▸ **Requirement**
Without any of the pictures, transcribe all the lines below exactly.
___ Dataset section ___
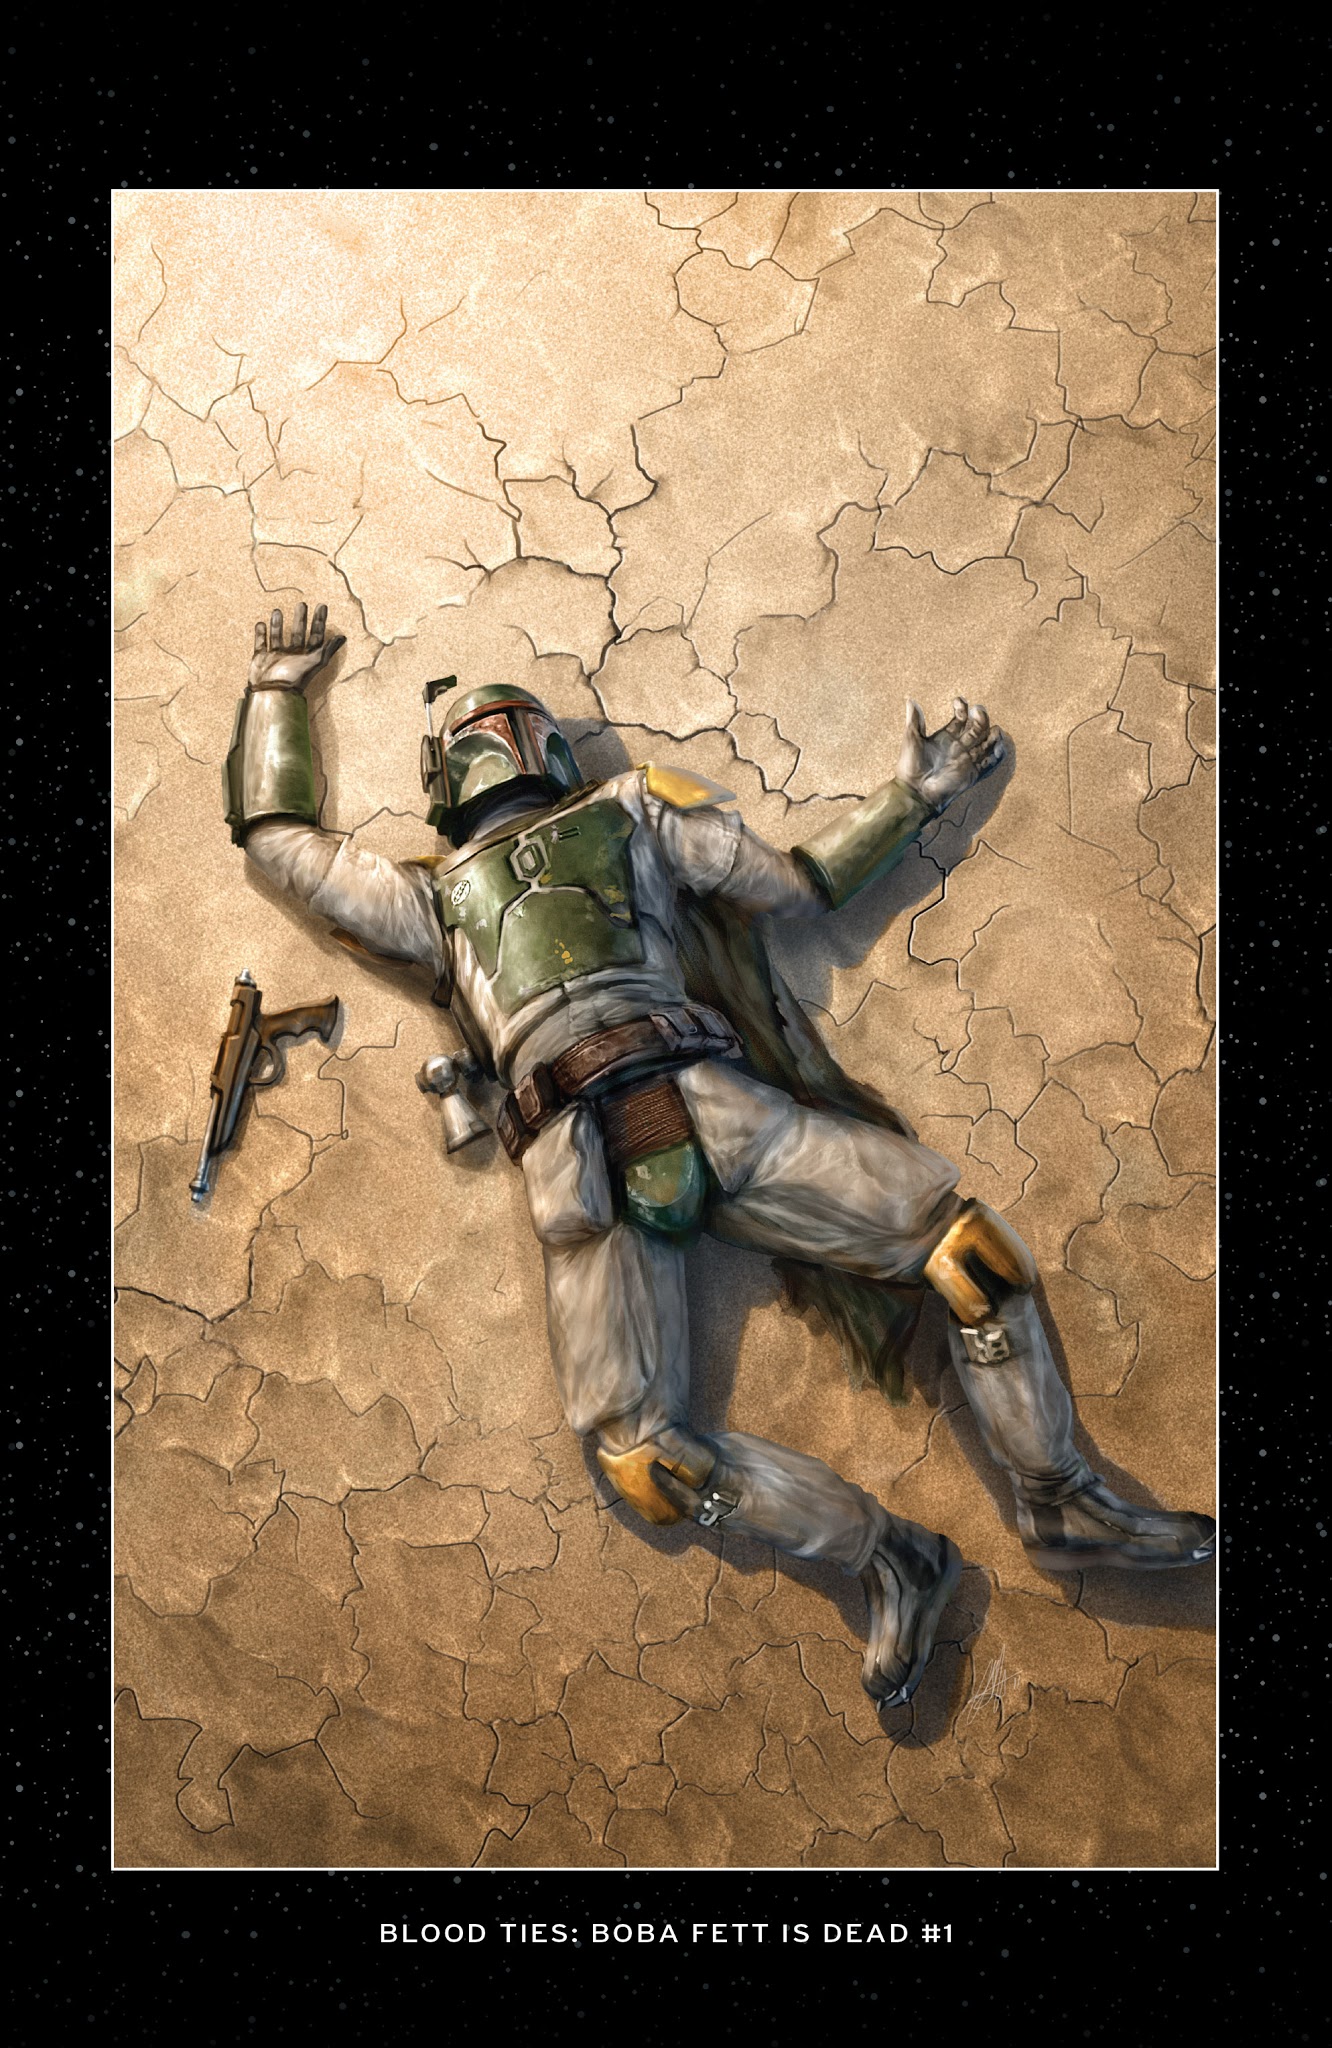 Read online Star Wars: Blood Ties - Boba Fett is Dead comic -  Issue # TPB - 6
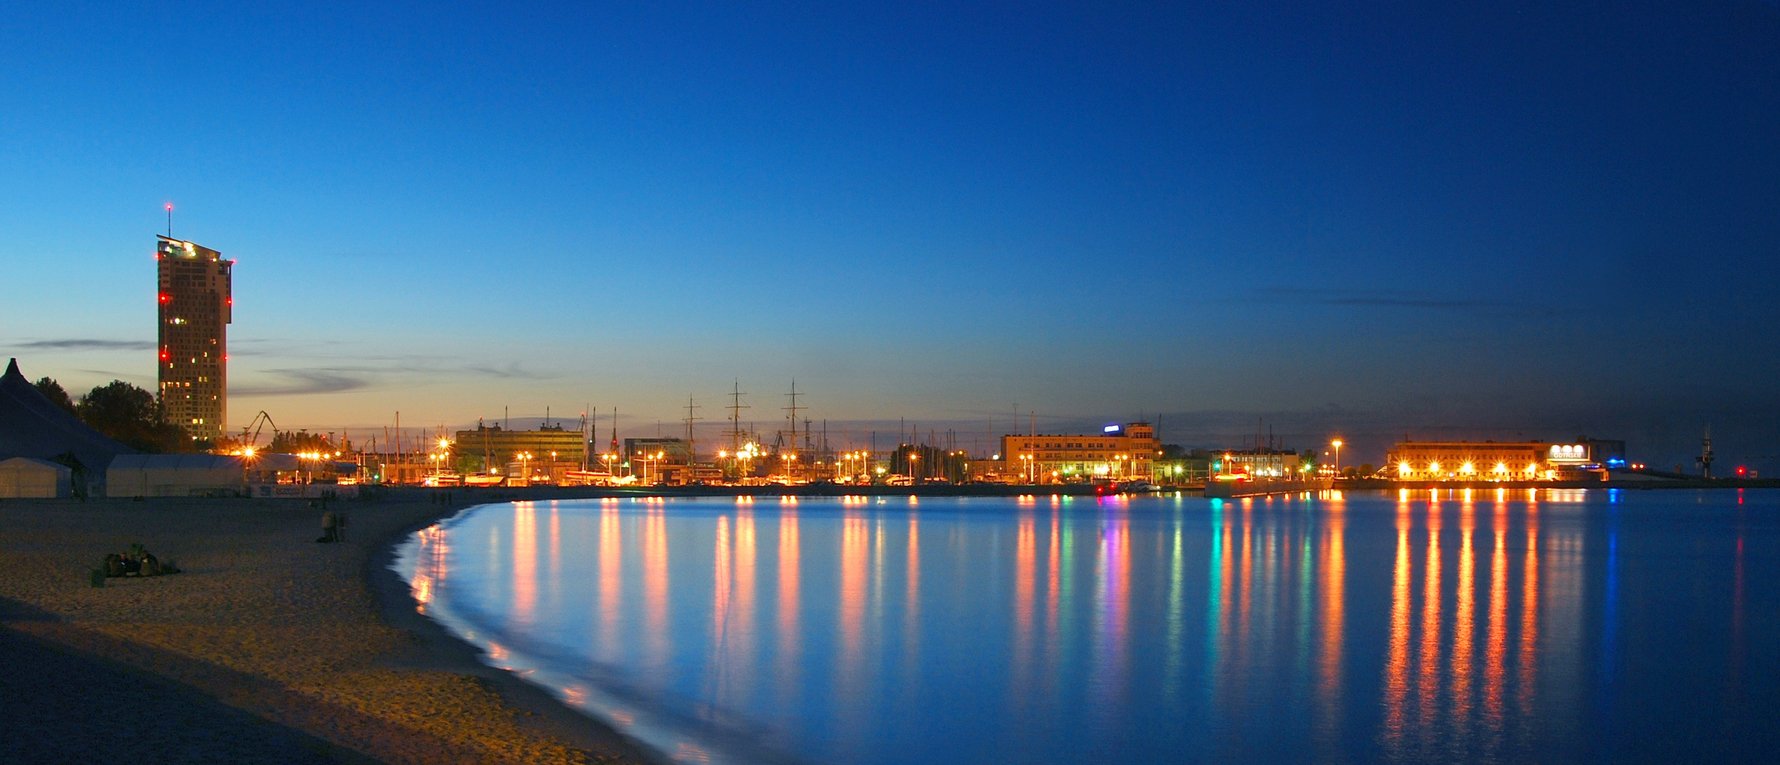 Gdynia at Night - Photo by Krzysztof Romański / Courtesy of Gdynia City Council
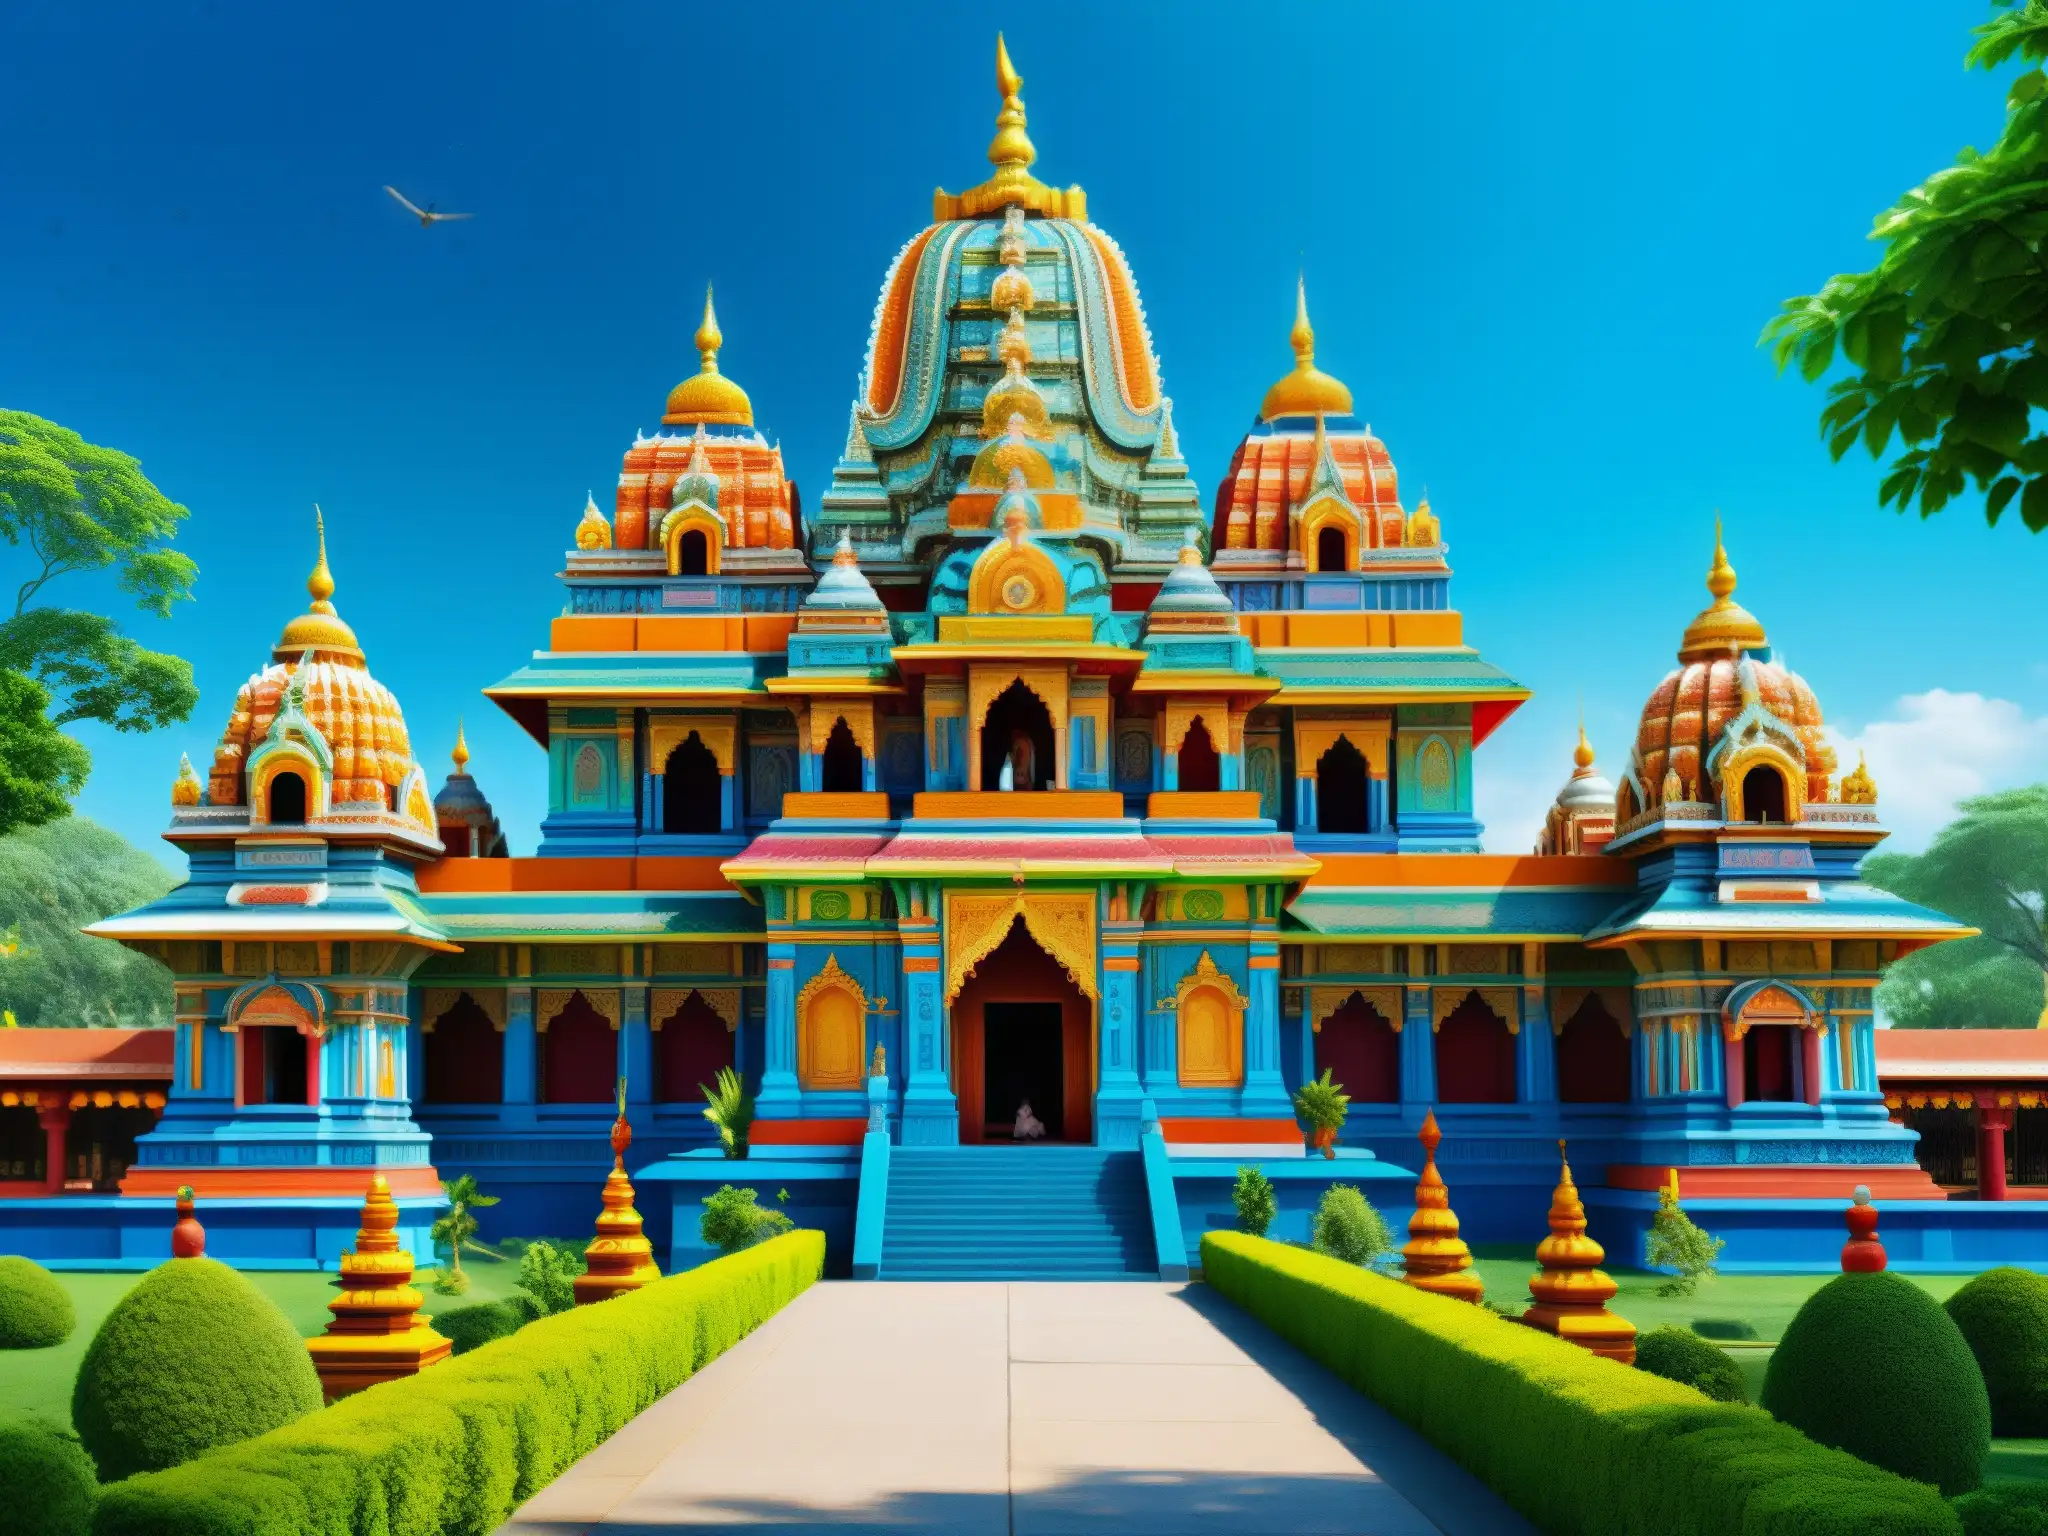 Templo hindú vibrante con estatuas coloridas, rituales tradicionales y vestimenta vibrante, reflejando la rica tradición espiritual hindú
___
▸ **Response box**
 Read online Star Wars: Blood Ties - Boba Fett is Dead comic -  Issue # TPB - 6
 Gdynia at Night - Photo by Krzysztof Romański / Courtesy of Gdynia City Council
 Templo hindú vibrante con estatuas coloridas, rituales tradicionales y vestimenta vibrante, reflejando la rica tradición espiritual hindú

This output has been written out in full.